Ticket has been cloned to Bugzilla: https://bugzilla.redhat.com/show_bug.cgi?id=1034902
Replying to [ticket:47606 rmeggins]:
In terms of the too large ber size error, the error is returned from openldap ber_get_next: {{{ tagp = ber_get_next( conn->c_sb, &bytes_scanned, ber ); }}} It returns LBER_OVERFLOW and assigned to tagp, returned bytes_scanned stores 0, ERANGE is set to errno, and returned ber is almost empty. {{{ p ber $9 = {ber_opts = {lbo_valid = 2, lbo_options = 0, lbo_debug = 0}, ber_tag = 48, ber_len = 42237, ber_usertag = 0, ber_buf = 0x0, ber_ptr = 0x7f265e9920c7 "", ber_end = 0x0, ber_sos_ptr = 0x0, ber_rwptr = 0x7f265e9920c7 "", ber_memctx = 0x0} }}} Here's the comment when ber is too large in get_next_from_buffer. {{{ / openldap does not differentiate between length == 0 and length > max - all we know is that there was a problem with the length - assume too big */ err = SLAPD_DISCONNECT_BER_TOO_BIG; }}} Since there's no entry size info available in get_next_from_buffer, it just logs the minimum error message in the error log: {{{ connection - conn=4 fd=65 Incoming BER Element was too long, max allowable is 20480 bytes. Change the nsslapd-maxbersize attribute in cn=config to increase. }}} Do we have a chance to get the entry size info when it failed?
There may be enough information in the ber to use ber_peek_tag(BerElement ber, ber_len_t len) to get the len.
git patch file (master) 0001-Ticket-47606-replica-init-bulk-import-errors-should-.patch
Description: 1. maxbersize: If the size of an entry is larger than the consumer's maxbersize, the following error used to be logged: Incoming BER Element was too long, max allowable is ### bytes. Change the nsslapd-maxbersize attribute in cn=config to increase. This message does not indicate how large the maxbersize needs to be. This patch adds the code to retrieve the failed ber size. Revised message: Incoming BER Element was @@@ bytes, max allowable is ### bytes. Change the nsslapd-maxbersize attribute in cn=config to increase. Note: There is no lber API that returns the ber size if it fails to handle the ber. This patch borrows the internal structure of ber and get the size. This could be risky since the size or structure of the ber could be updated in the openldap lber. 2. cache size: The bulk import depends upon the nsslapd-cachememsize value in the backend instance entry (e.g., cn=userRoot,cn=ldbm database,cn=plugins,cn=config). If an entry size is larger than the cachememsize, the bulk import used to fail with this message: import userRoot: REASON: entry too large (@@@ bytes) for the import buffer size (### bytes). Try increasing nsslapd- cachememsize. Also, the message follows the skipping entry message: import userRoot: WARNING: skipping entry "<DN>" but actually, it did NOT "skip" the entry and continue the bulk import, but it failed there and completely wiped out the backend database. This patch modifies the message as follows: import userRoot: REASON: entry too large (@@@ bytes) for the effective import buffer size (### bytes). Try increasing nsslapd- cachememsize for the backend instance "userRoot". and as the message mentions, it just skips the failed entry and continues the bulk import.

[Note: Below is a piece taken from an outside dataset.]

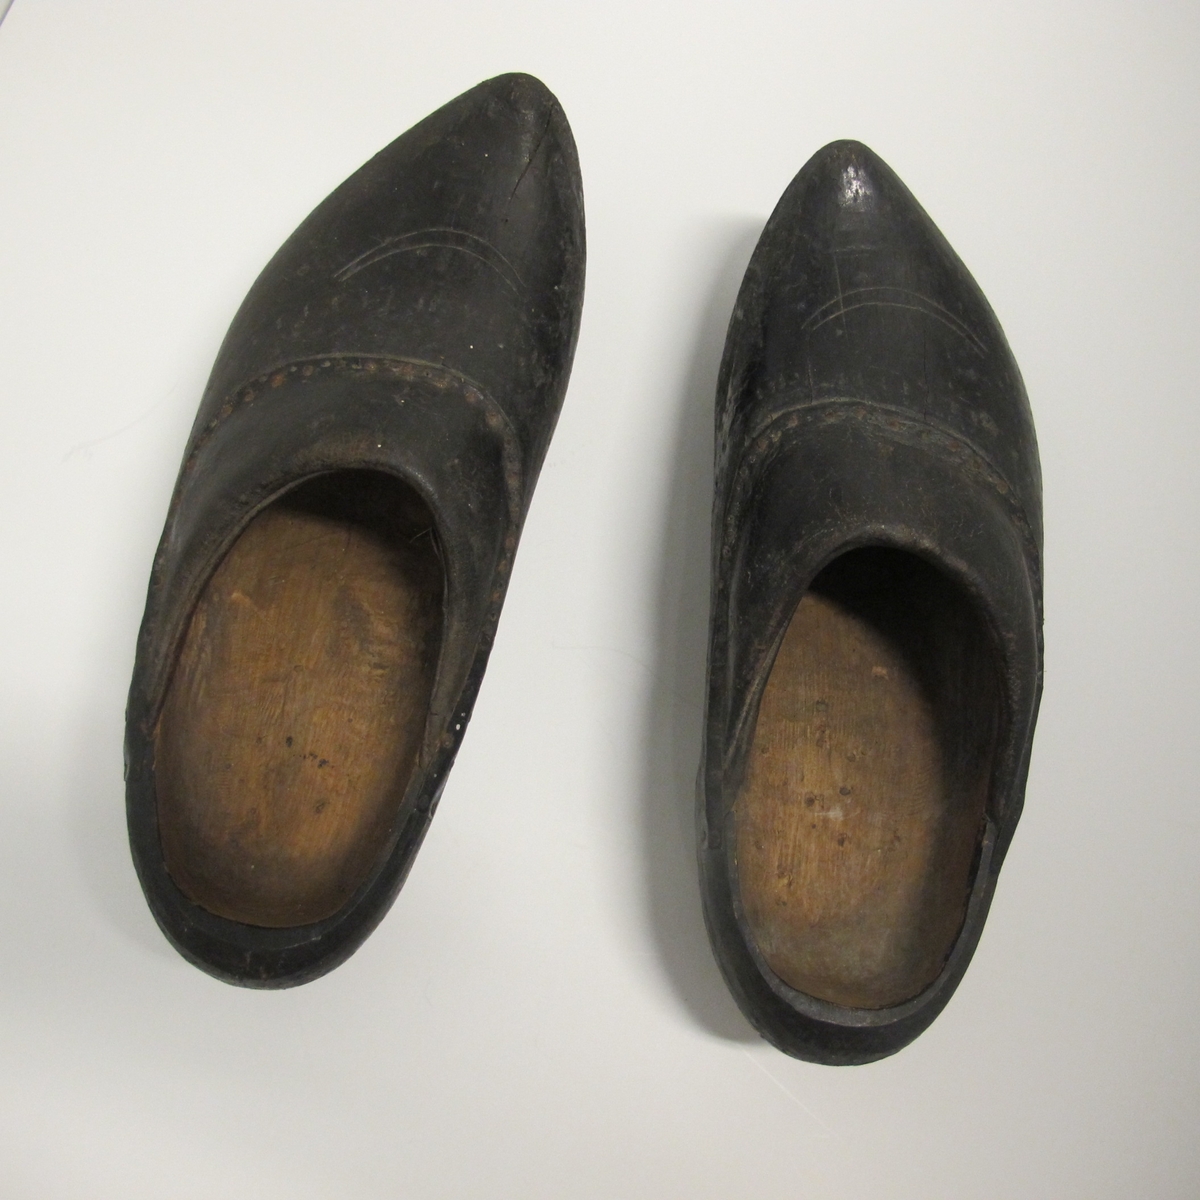 Skoene er sorte, med tre i bunn og i deler av kappen, der tuppen gå opp i en spiss foran. Den har noen innrissninger som ikke er tydet. Bare stykket nærmest vristen er av lær.

ber_peek_tag doesn't work? or ber_peek_element?
So the way bulk import/repl init works with this patch is that entries will be skipped? If entries are skipped, will the overall operation report success? I'm not sure that's a good thing. If someone does a repl init, it will report success, and they will think everything is fine, only to find out (much?) later that everything is not fine.
I think import should fail hard as soon as there is a problem. If we clearly tell people what's wrong, and how to fix it, that should be sufficient.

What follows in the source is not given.